Before 1855, immigrants were not processed through a central area in New York. Custom collectors worked at the docks and by 1819 were keeping statistics on the numbers of passengers, names, and ports of origins.

A state commission in 1847 found that many frauds were being perpetrated against the new arrivals. Boardinghouses hired runners to steer immigrants to their establishments stealing luggage or children in order to get victims to follow them. The boarding houses and confidence men overcharged the immigrants for tickets, rent, and other necessities. By 1848, the state had leased a pier at the end of hubert street to process and protect immigrants but was forced to move to Castle Clinton due to neighbors complaints.

Castle Garden

Castle Clinton, a circular red sandstone fort built in 1807 on what was then an offshore spit of rocks.
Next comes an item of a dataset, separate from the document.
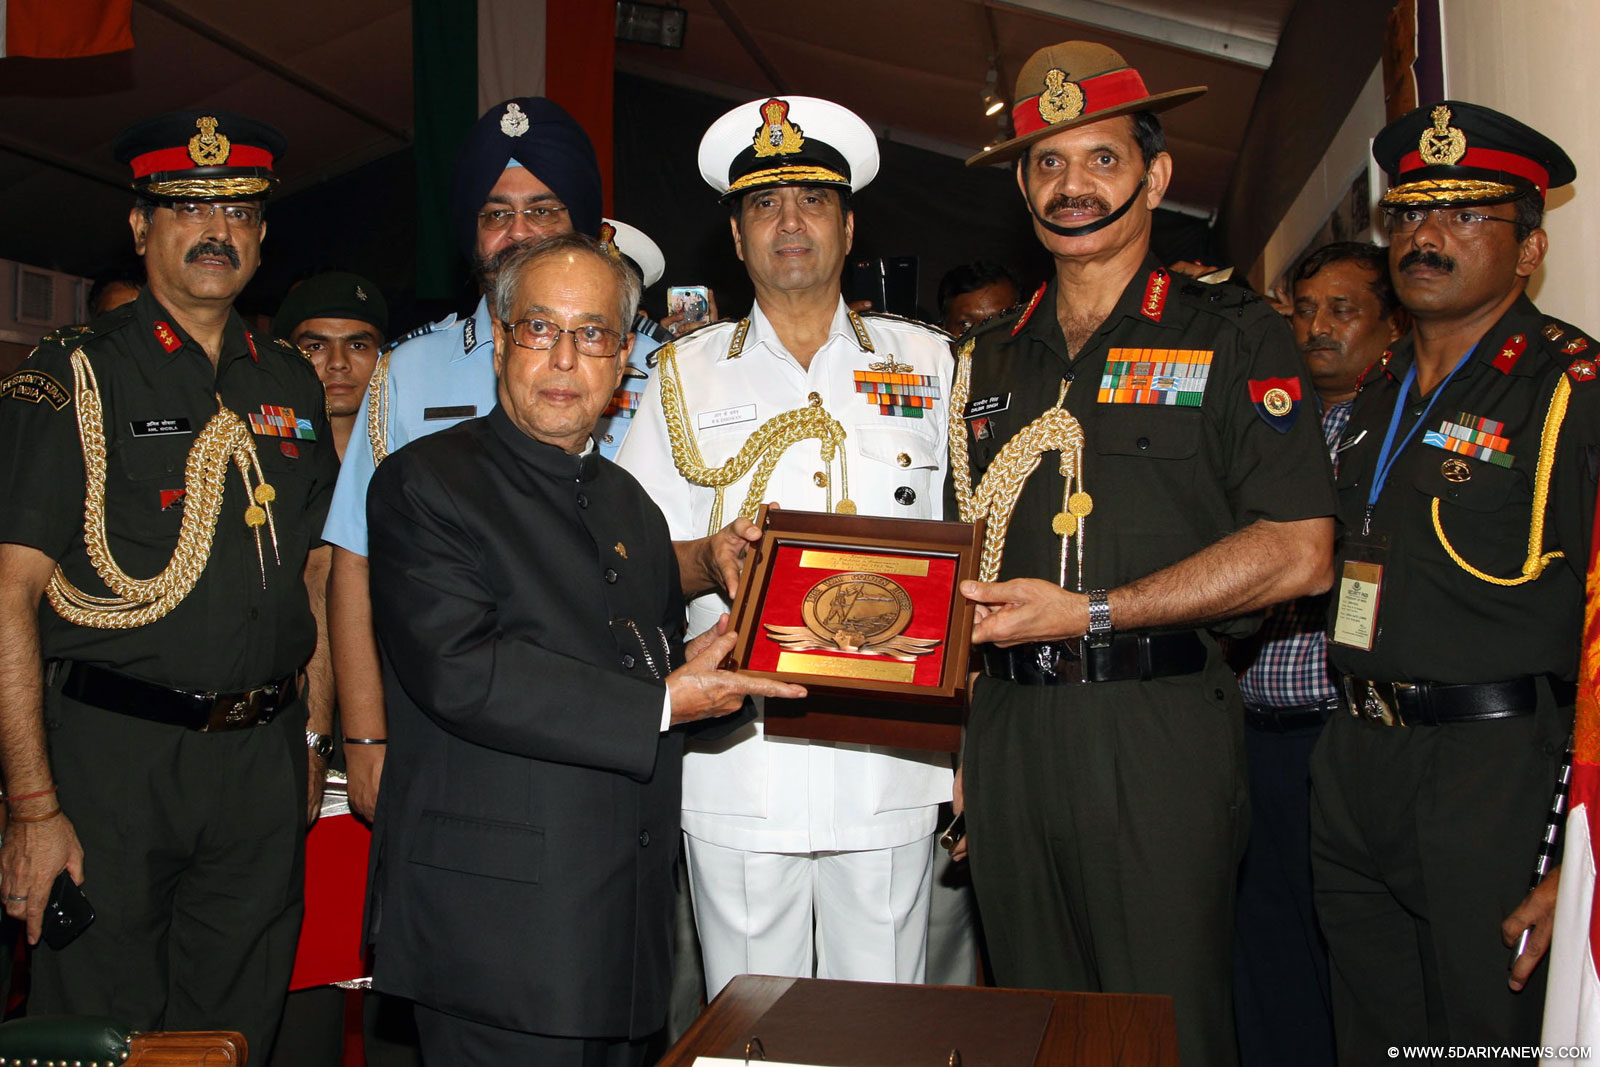 The President, Pranab Mukherjee being presented a memento by the Chief of Army Staff, General Dalbir Singh and the Chief of Naval Staff, Admiral R.K. Dhowan, at ‘Shauryanjali’, a commemorative exhibition on Golden Jubilee of 1965 war, at India Gate, in New Delhi on September 19, 2015.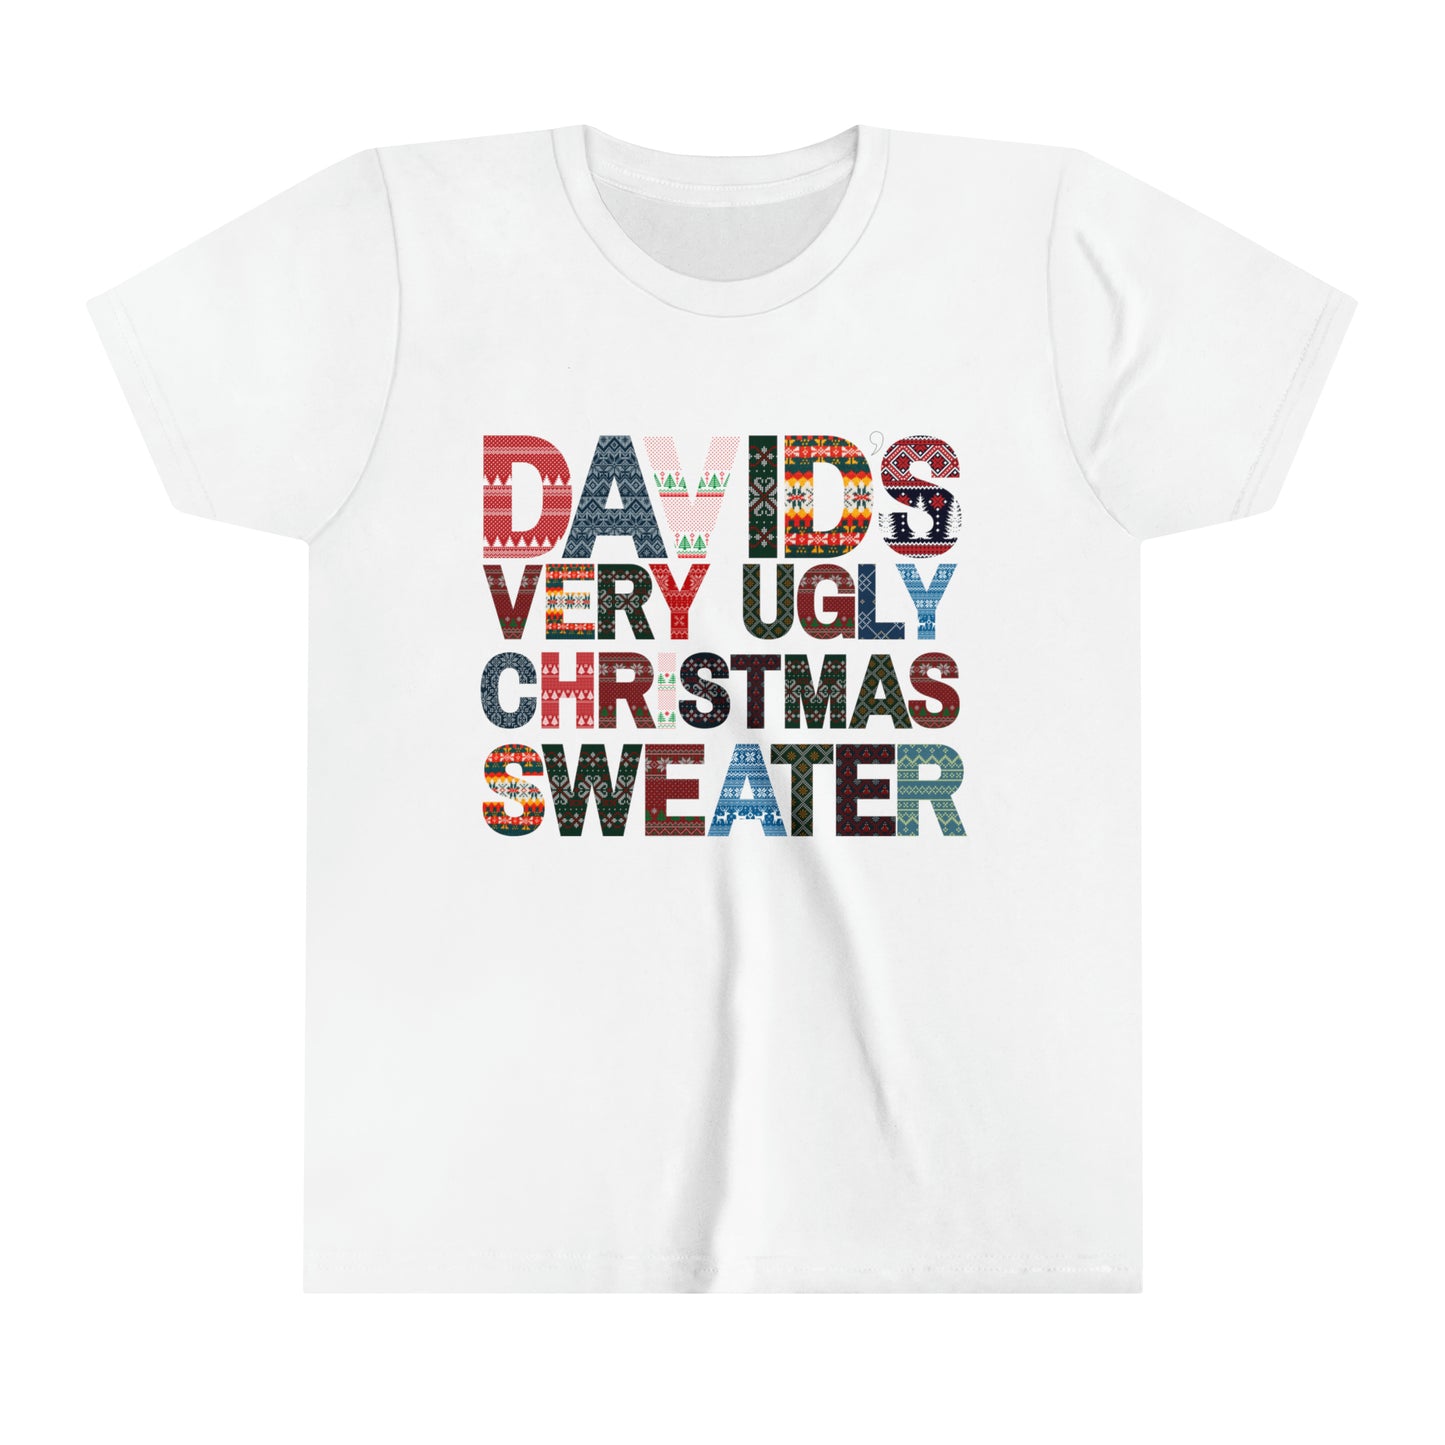 Very Ugly Christmas Sweater Personalized Youth T-Shirt

Countless fills by the land-hungry city have left it a few hundred feet inland.

The fort's history took another turn in 1855, when Castle Clinton became the country's main immigration center Castle Garden. Until Ellis Island replaced it in 1892, more than 7 million immigrants passed through here, mostly Irish, Jewish, and Italian. A few years later it reopened as the City Aquarium, which it remained until 1942. After missing a date with the wrecking ball in the '40s, the Castle became a national monument.

Castle Garden provided a standardized way to process immigrants and sheltered them from swindlers. After registration, immigrants could purchase train or boat tickets from approved agents. The procedures developed were eventually used as the models for all immigrant examining stations.

Nevertheless, corruption still was present among the staff and outsiders. This eventually led to public outcry and demand for a new solution.

Ellis Island

Following the federal takeover of immigration in 1890, the congress appropriated money to convert abandoned Fort Gibson on Ellis Island into an immigration center. Castle Garden had become too small for the traffic of the 1880s.

Because of an economic depression during the 1890s, immigration was "light" at 200,000 persons/year. In 1897, fire broke out and the original building was destroyed.

In 1898, construction of the present building was started and by 1900 the new building designed to handle 200,000 people.year was complete. By the time it opened however, immigration through New York had reached 500,000 and by 1907 immigration surpassed 1 million.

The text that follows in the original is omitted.